The EU included South Korea and UAE in the list of prohibited offshores

Due to the fact that there is withholding of tax information in these jurisdictions, the European Union has published a "black list" of offshore companies. The list contains states whose efforts in the field of combating money laundering and terrorism do not meet the standards of the European Union.

The EU has included South Korea and the UAE in the list of prohibited off-shores

This list of jurisdictions that do not cooperate with the EU includes the following 17 countries: Palau, American Samoa, Bahrain, Mongolia, Namibia Barbados, Grenada, Guam, Macao, Marshall Islands, Saint Lucia, Samoa, Trinidad and Tobago, Tunisia, South Korea, Panama and the United Arab Emirates.

There are also a number of countries on the "grey list". These are states that fail to meet the European Union standards on financial transparency and the fight against super-beneficial tax regimes, but are going to make changes in their tax policy.

Among the countries included in the list of prohibited offshore companies, Panama (low prices for offshore services) and the UAE (free economic zones created for foreigners) are especially attractive for Russians.

The emergence of a blacklist will have an impact on those Russian companies that use offshore companies in the jurisdictions listed in order to optimise taxes. This list will abolish the possibility for transferring money through transit companies registered by Russian beneficiaries in the EU countries with a more favourable tax climate.

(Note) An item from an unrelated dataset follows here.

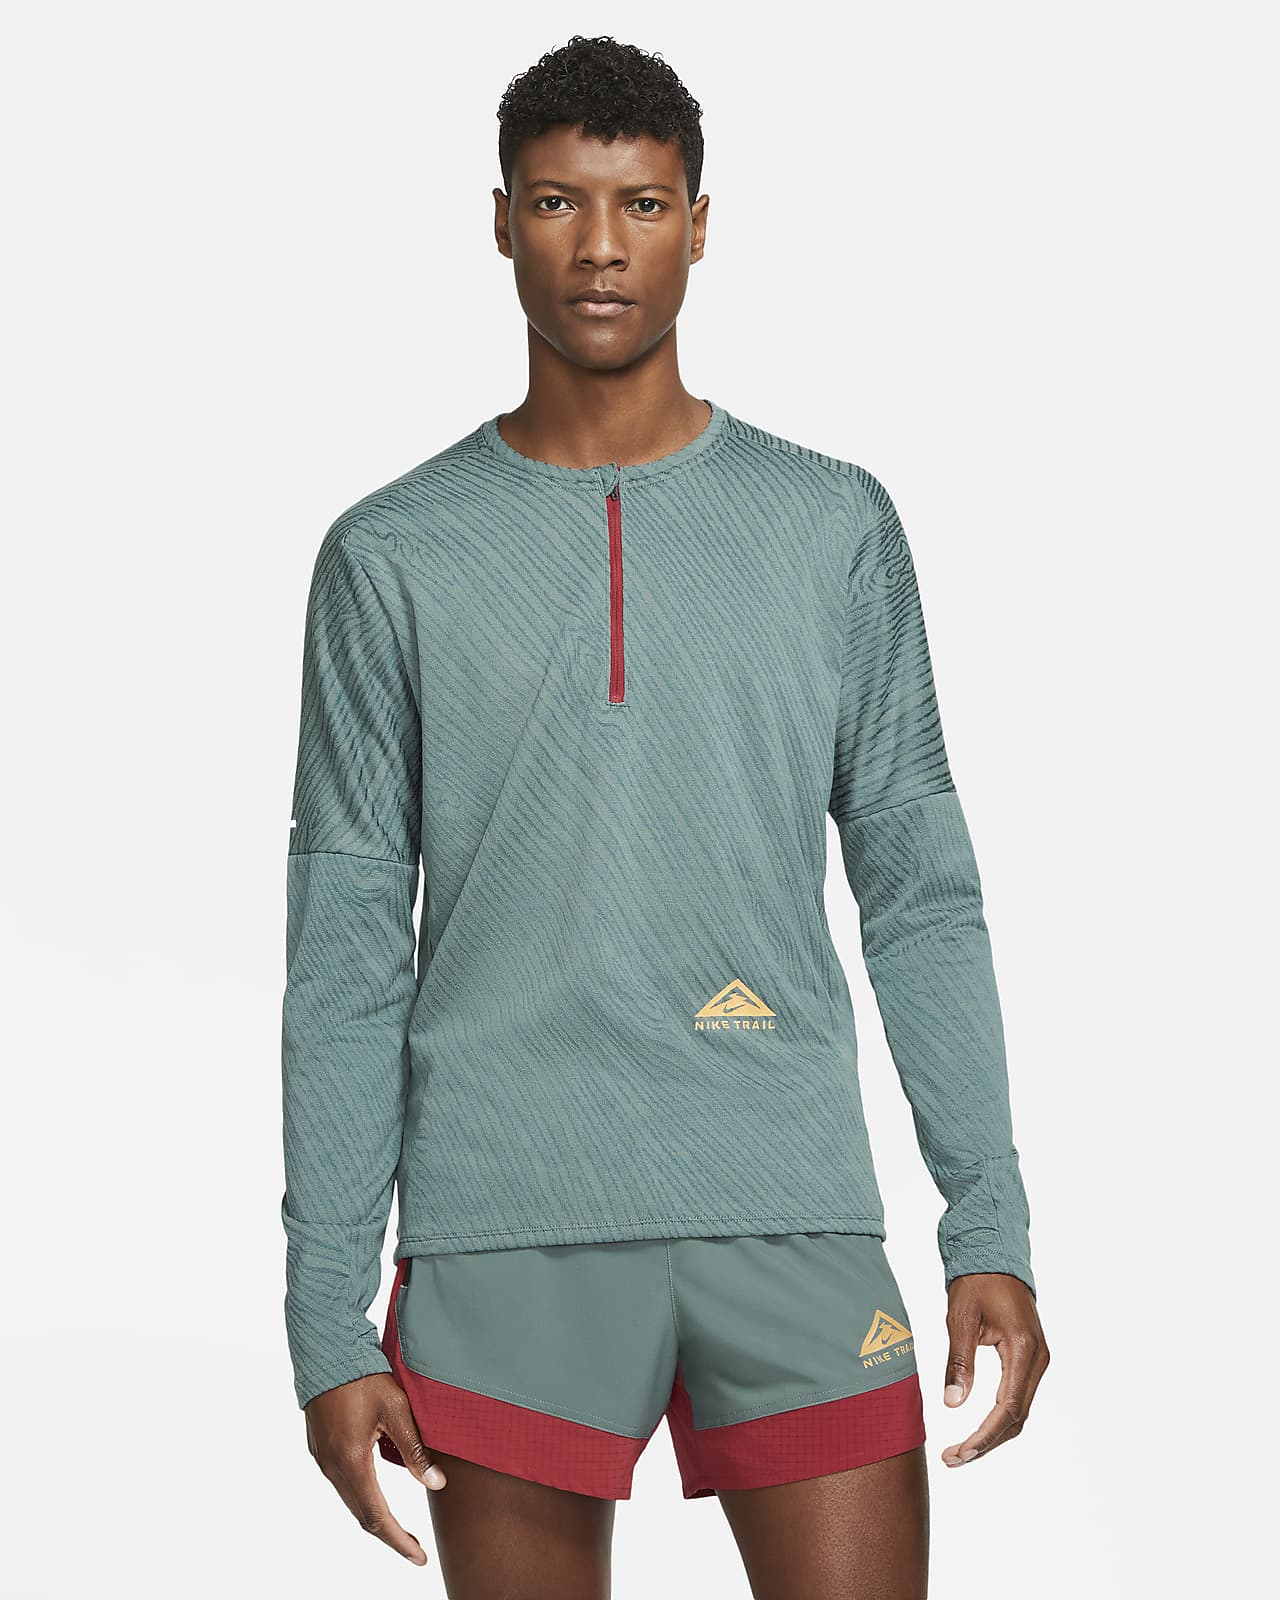 Camiseta de trail running con medio cierre para hombre Nike Dri-FIT Element

Still, it is not clear how the black list will operate. Experts suggest that this sanctions may include withholding tax at source with any transfers in favour of companies from blacklisted countries. Blacklisted countries may be deprived of access to financing from the EU countries, as well as enhanced transaction monitoring, increased audit risks for taxpayers, who use structures related to these jurisdictions, or have counterparties there. Restrictions may relate to the possibility of opening an account in EU banks or remitting funds to such jurisdictions. As a result, businesses will have to be moved to a more transparent system of business management, with tax payments at each stage it seems.